家族性高コレステロール血症

概要

LDL受容体遺伝子変異による単一遺伝子疾患であり、常染色体優性遺伝形式をとります。ホモ接合体患者は100万人に1人程度の頻度で認められます。FHは高LDL-コレステロール血症、腱黄色腫及び若年性冠動脈硬化症を主徴とします。ヘテロ接合体とホモ接合体は、出現する症状や総コレステロールの値の程度、治療への反応性が全く異なり、その管理においても全く別の取り扱いをする必要があります。

疫学

100万人に1人、日本においては120人程度とされていましたが、この病気に関わる新しい遺伝子が見つかってきており、それより多いと考えられています。

原因

FHは、LDL受容体の遺伝子変異によりLDL受容体蛋白が欠損し、あるいはその機能が大きく障害されて、高LDL血症が引き起こされると考えられています。通常血漿LDLの約70%が肝臓で代謝されるが、ホモ接合体患者では、肝臓でのLDLの代謝が正常の約10%に低下しており、低下の程度に反比例して血漿LDL濃度は上昇し、血管壁へのコレステロールの沈着のリスクが高まります。そのため、FH患者では若年より高LDLコレステロール血症を示し、それに起因する若年性動脈硬化症が冠動脈を中心に好発します。

ETHE1遺伝子であれば当院のN-advance FM+プランN-advance GM+プランで検査が可能となっております。

症状

FHホモ接合体は、出生時より著明な高LDLコレステロール血症を呈し、皮膚黄色腫が特徴的です。アキレス腱黄色腫、角膜輪、全身性動脈硬化症は、小児期において著明に進行する。動脈硬化症は、冠動脈だけでなく大動脈弁にも進行し、特徴的な弁上狭窄、弁狭窄を形成します。

黄色腫の頻度は、LDL値の上昇の度合いと期間の長さに比例する一方、眼瞼黄色腫はFHに特異的なものではなく、正脂血症の患者にも認められる。FHホモ接合体では、大動脈弁上狭窄、弁狭窄、冠動脈狭窄が、乳幼児期に出現し、進行して30歳までに狭心症、心筋梗塞、突然死を引き起こすことが知られています。胸部大動脈、腹部大動脈や肺動脈にも強い動脈硬化を引き起こします。
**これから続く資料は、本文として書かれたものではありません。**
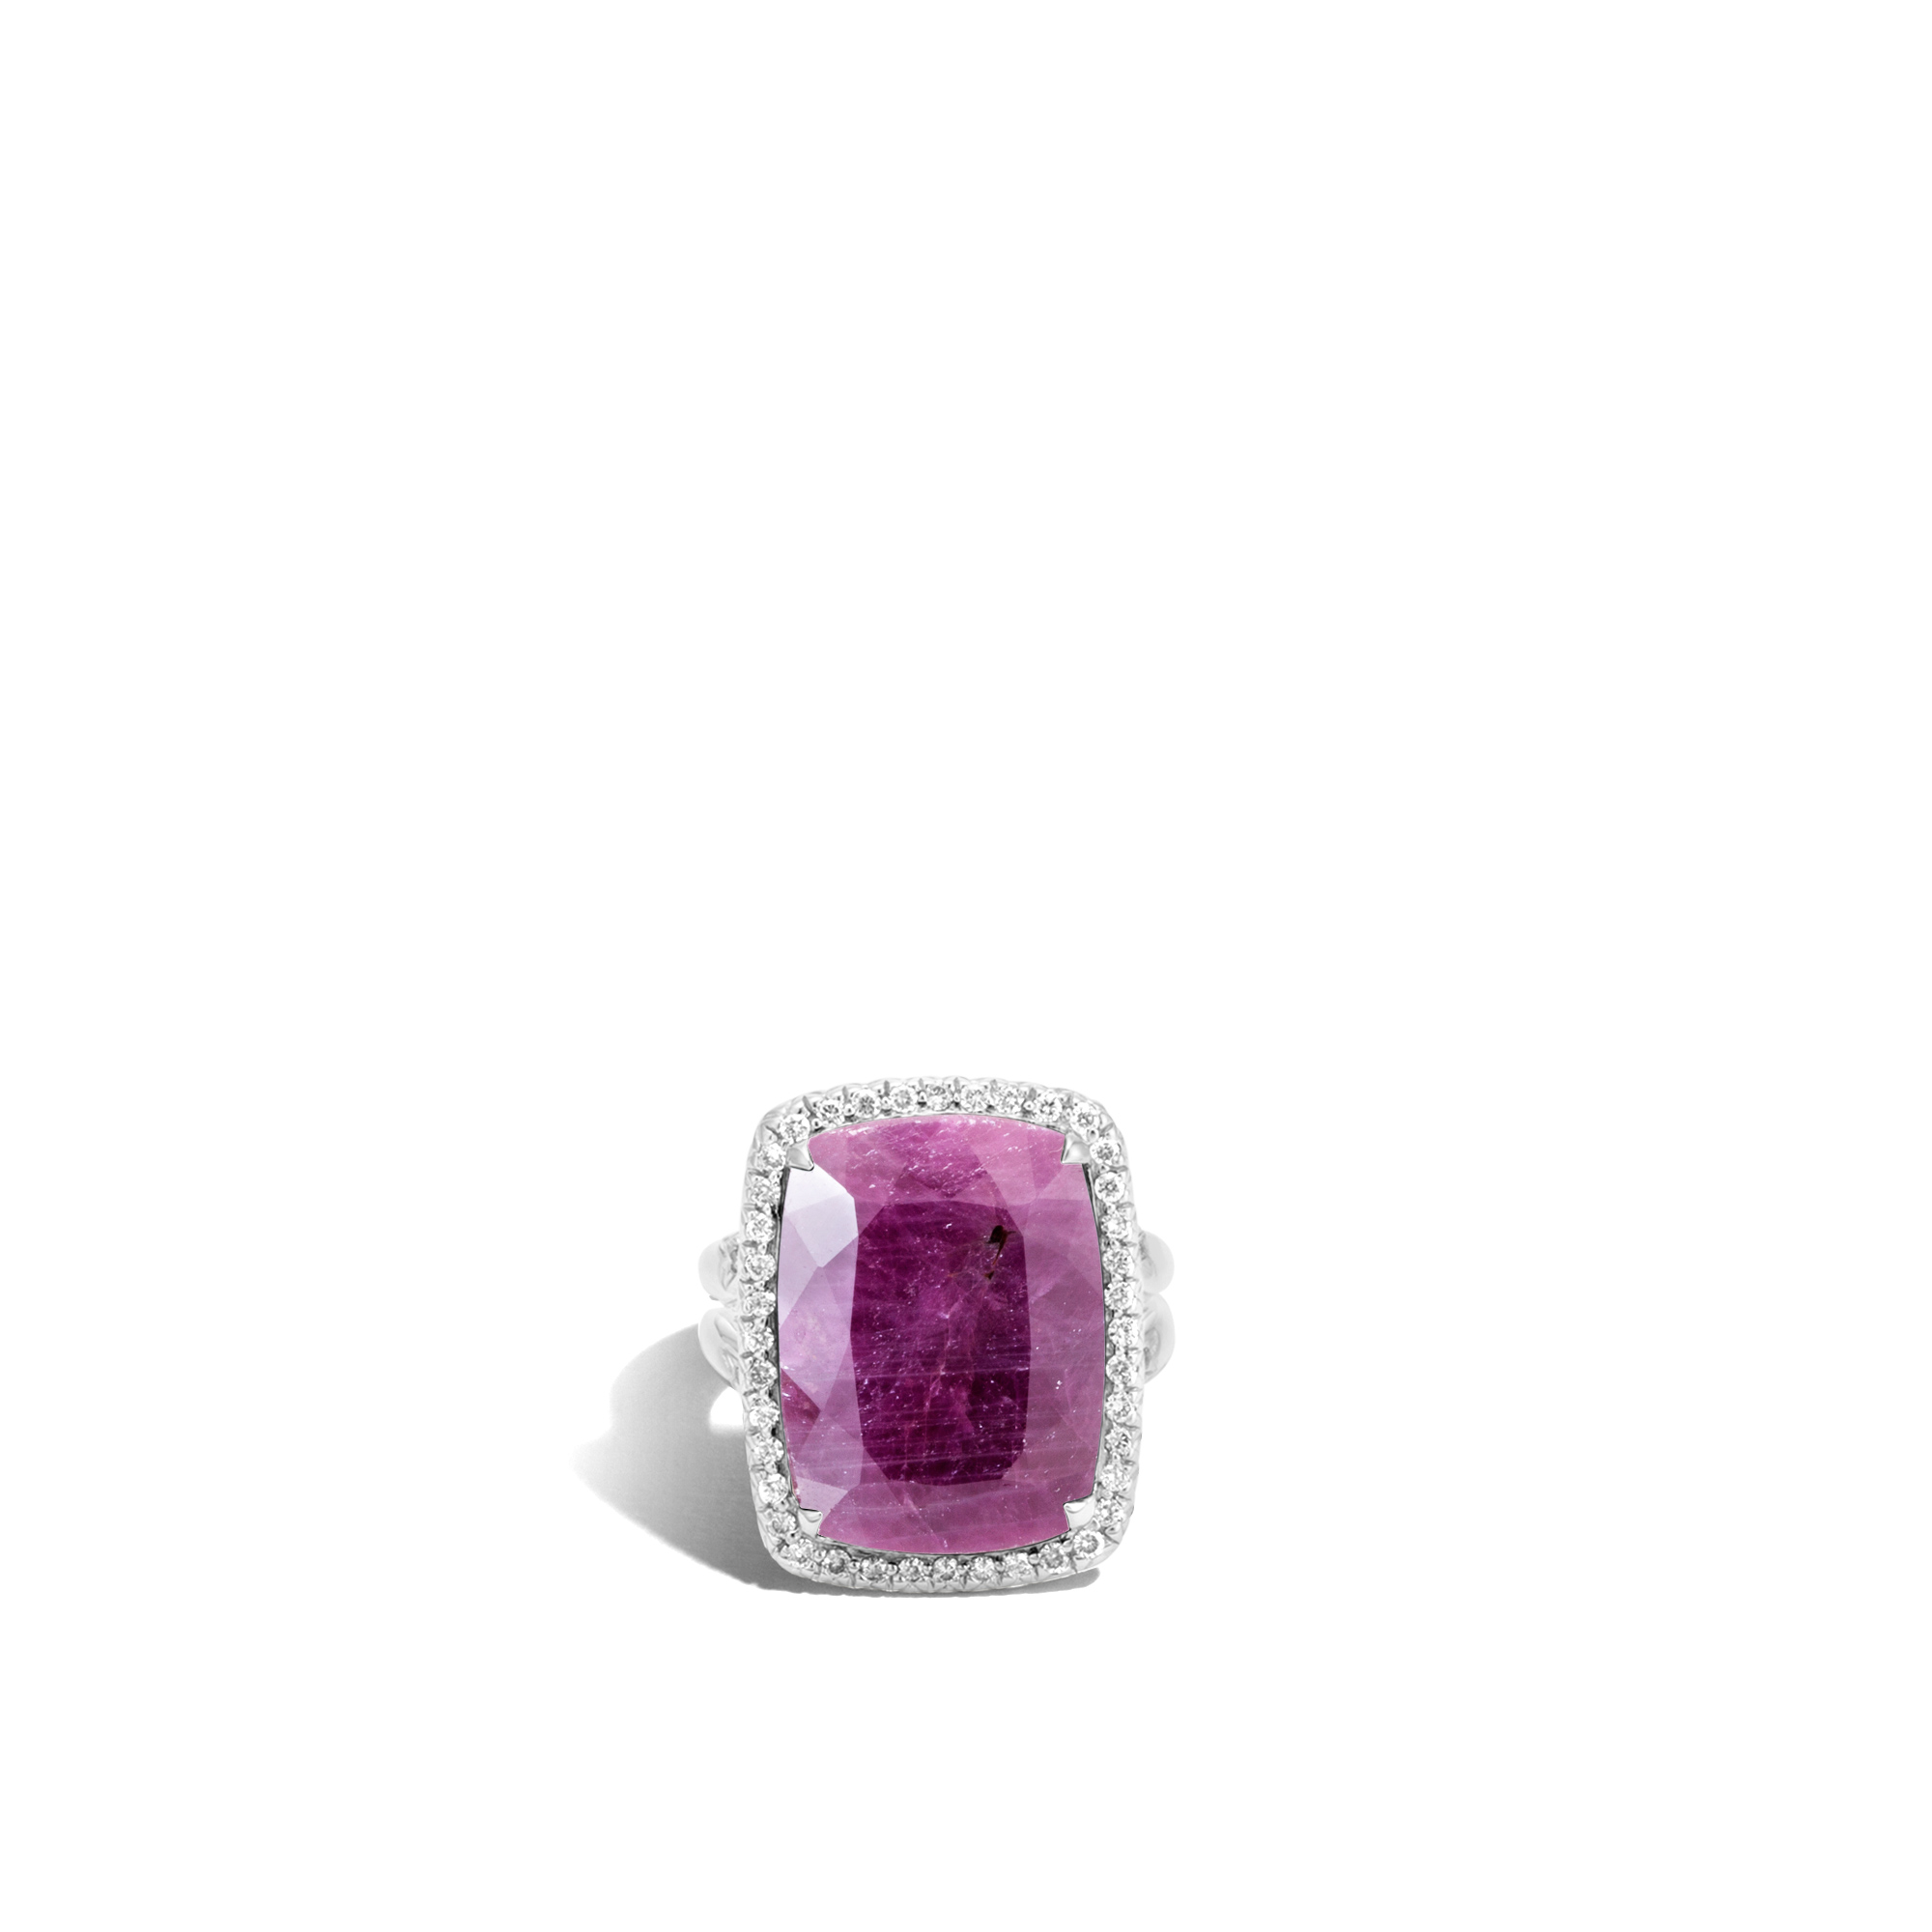 Classic Chain Magic Cut Ring, Silver, 20x15MM Gems, Diamonds, Indian Ruby, large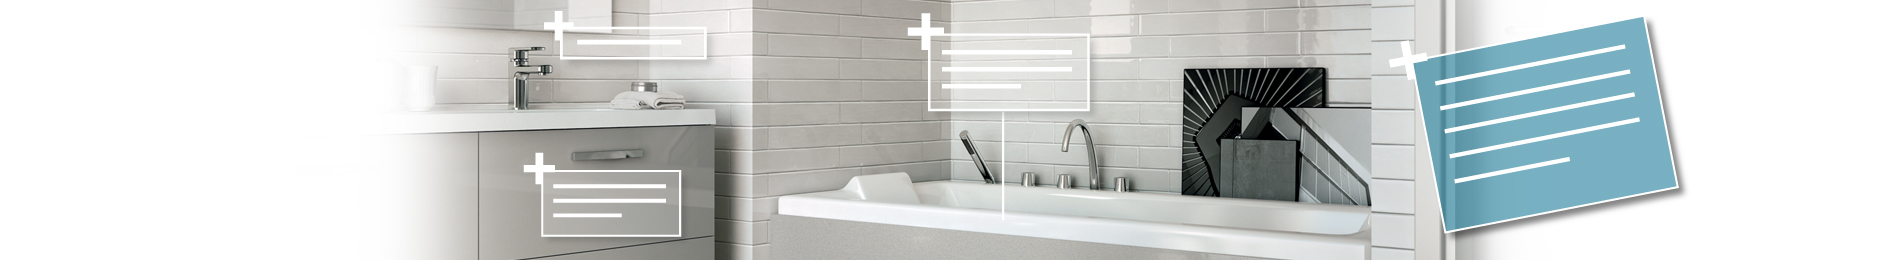 Equipements de salle de bain for Equipement de salle de bain

一方、脳血管は比較的動脈硬化の進行が遅い。冠動脈硬化のほか、若年性動脈硬化は大動脈には腹部大動脈瘤として現れることがあり、その頻度は約26%と報告されています。

診断

未治療時のLDL-C値が高値であること、アキレス腱黄色腫や皮膚結節性黄色腫などの高LDL-C血症に伴う身体症状、FHや早発性冠動脈疾患の家族歴が診断の根拠となります。なお、遺伝学的検査により病原性遺伝子変異の存在が確認された場合には、成人小児ともに診断となります。遺伝学的検査については2022年度より保険収載されております。成人および小児の診断基準を表1(成人用)、表2(小児用)に掲載します。

女性においては更年期以後、LDL-C値の上昇を認めることが知られており、またFHと気づかれずに既に薬物治療でLDL-C値がそれほど高値でない場合もありFHの診断には留意が必要です。なお、鑑別すべき疾患としてシトステロール血症が重要です。シトステロール血症の診断およびFHとの鑑別については厚生労働科学研究費補助金難治性疾患政策研究事業 原発性脂質異常症調査研究班HPを参照ください。また、ホモ接合体性FHの診断については必ず専門医にご相談下さい。

治療

食事療法(低脂肪・低コレステロール食)に加えて、スタチンをはじめとする脂質低下薬により、治療をします。薬剤の効果が十分でない場合が多く、効果が足りなければエゼチミブ、レジン、プロブコールを使用したり、注射薬のPCSK9阻害薬(エボロクマブ)、MTP阻害薬(ロミタピド)を使用しますが、それでも効果が足りない場合に、LDLアフェレシスという治療法があります。

LDLアフェレシスは、体外循環を用いて悪玉コレステロールであるLDLを取り除くことができる治療法です。これは、腎不全の患者さんに行う人工透析装置に似た器械を用いて、血液から悪玉であるLDLを直接除去する方法です。1~2週間に1回の頻度で、一生続ける必要があります。ベッド上で治療の時間中、安静にできるようになる4歳~5歳には、治療を始めることが望ましいです。治療の開始が遅れれば遅れるほど動脈硬化は進行してしまいますので、診断、治療を速やかに行なう必要があります。